20 yıl önce Cezayir’de bunu yapmadılar. Filistin’de yapmadılar ve Lübnan’da sözde Doha anlaşması gereğince bunu yapmadılar. Bunun üzerine Batı onları tehdit etti, ambargo uyguladı, İran konusunda uyardı ve onların, İsrail Batı Şeria’daki kolonileri için Filistinlilerin topraklarını çalarken ağızlarını açmamalarını bekledi. Aslında tüm bu olayların, bir polisin eski bir öğrencinin meyve tezgahına el koyması – ve gencin intiharı – neticesinde başlamasında korkunç bir ironi var çünkü Ben Ali’nin özellikle hastanede can çekişen genci ziyaret etmesi bile ona kamuoyu desteği kazandıramadı. Seneler boyunca bu zavallı adam ülkesini yavaşça özgürleştirmekten söz etti. Fakat tüm diktatörler ülkelerindeki tutsaklar zincirlerinden kurtulmaya başlayınca büyük tehlike altında olduklarını bilir.

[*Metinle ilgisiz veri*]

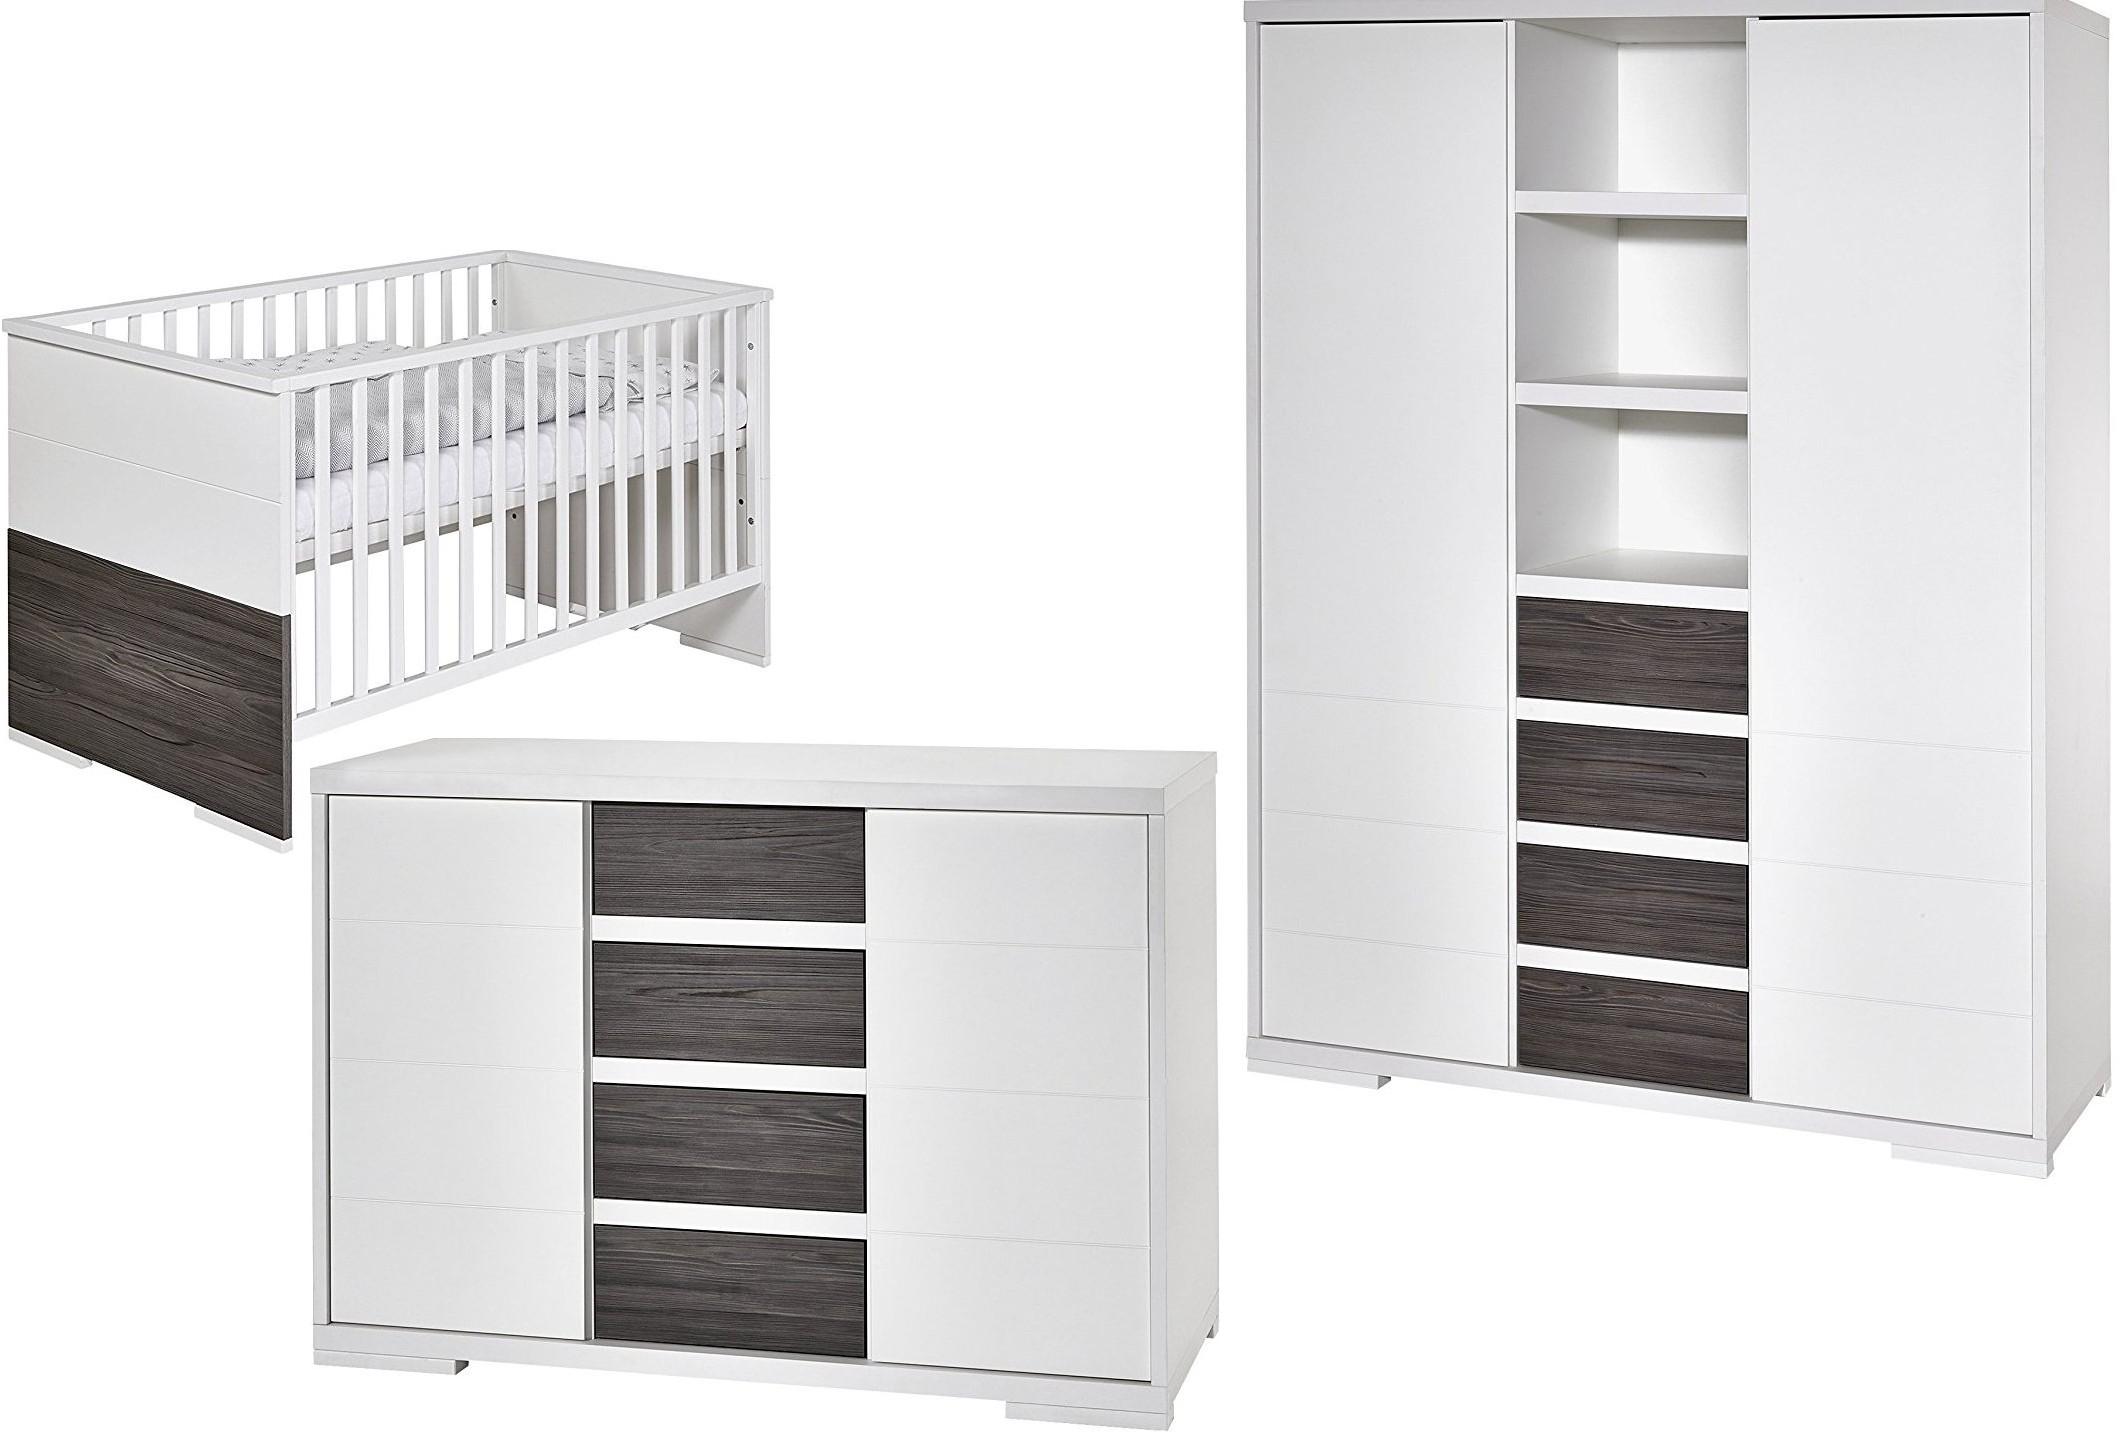 Chambre compl te bois frais gris et blanc maxx fleetwood - Chambre gris et blanc ...

Araplar da bu gerçeğe uygun davrandı. Ben Ali ülkeden kaçar kaçmaz seneler boyunca onun parasını yiyen, kürkünü sıvazlayan, pabuçlarını cilalayan Arap gazeteleri adamı kötülemeye başladı. Şimdi Tunus’taki gazeteciler yolsuzluktan, otoriter rejimden, insan haklarının yetersizliklerinden ve kötü yönetimden bahsediyor. Lübnanlı Şair Halil Cibran’ın şu dizeleri kulağa acı ama bir o kadar da isabetli geliyor: “Ne yazık o ulusa ki yeni yöneticisini borazanlarla karşılar ve yalnızca bir diğerini yine borazanlarla karşılamak için yuhalarla uğurlar.” Muhammed Gannuşi, muhtemelen?
Elbette şu anda herkes fiyatlarını düşürmekle, en azından bunu vaat etmekle meşgul. Yemeklik yağ ve ekmek kitlelerin temel gıdalarıdır. Nihayetinde Tunus, Cezayir ve Mısır’da fiyatlar düşecektir. Akla kaçınılmaz olarak şu soru geliyor: “Zaten niye fiyatlar bu kadar yüksek ki?”
Petrolü ve gazı olan Cezayir en az Suudi Arabistan kadar zengin olmalıydı fakat Ortadoğu’nun en kötü istihdam rakamlarına sahipler ve halkın emeklilik dahil hiçbir sosyal hakkı yok çünkü ülkenin generalleri memleketin tüm zenginliklerini İsviçre’ye kaçırdı.
Ve polis gaddarlığı. İşkence hücreleri devam edecek. Batı, diktatörle iyi ilişkilerini sürdürecek ve onların kolluk kuvvetlerini silahlandırmaya devam ederken İsrail’le barış yapmalarını salık verecek. Ve onlar da Batı ne isterse onu yapacak. Ben Ali kaçtı. Şu anda Tunus için daha uysal bir diktatör aranıyor. Ya da haber ajanslarının bu korkunç insanları tanımlamayı sevdiği üzere: “yüce gönüllü bir diktatör.”
Tunus’ta “istikrar” yeniden sağlanana kadar çatışmalar – tıpkı dün olduğu gibi -devam edecektir. Her şeyi göz önünde tutarak şunu söyleyebilirim ki Arap diktatörler çağı henüz sona ermedi.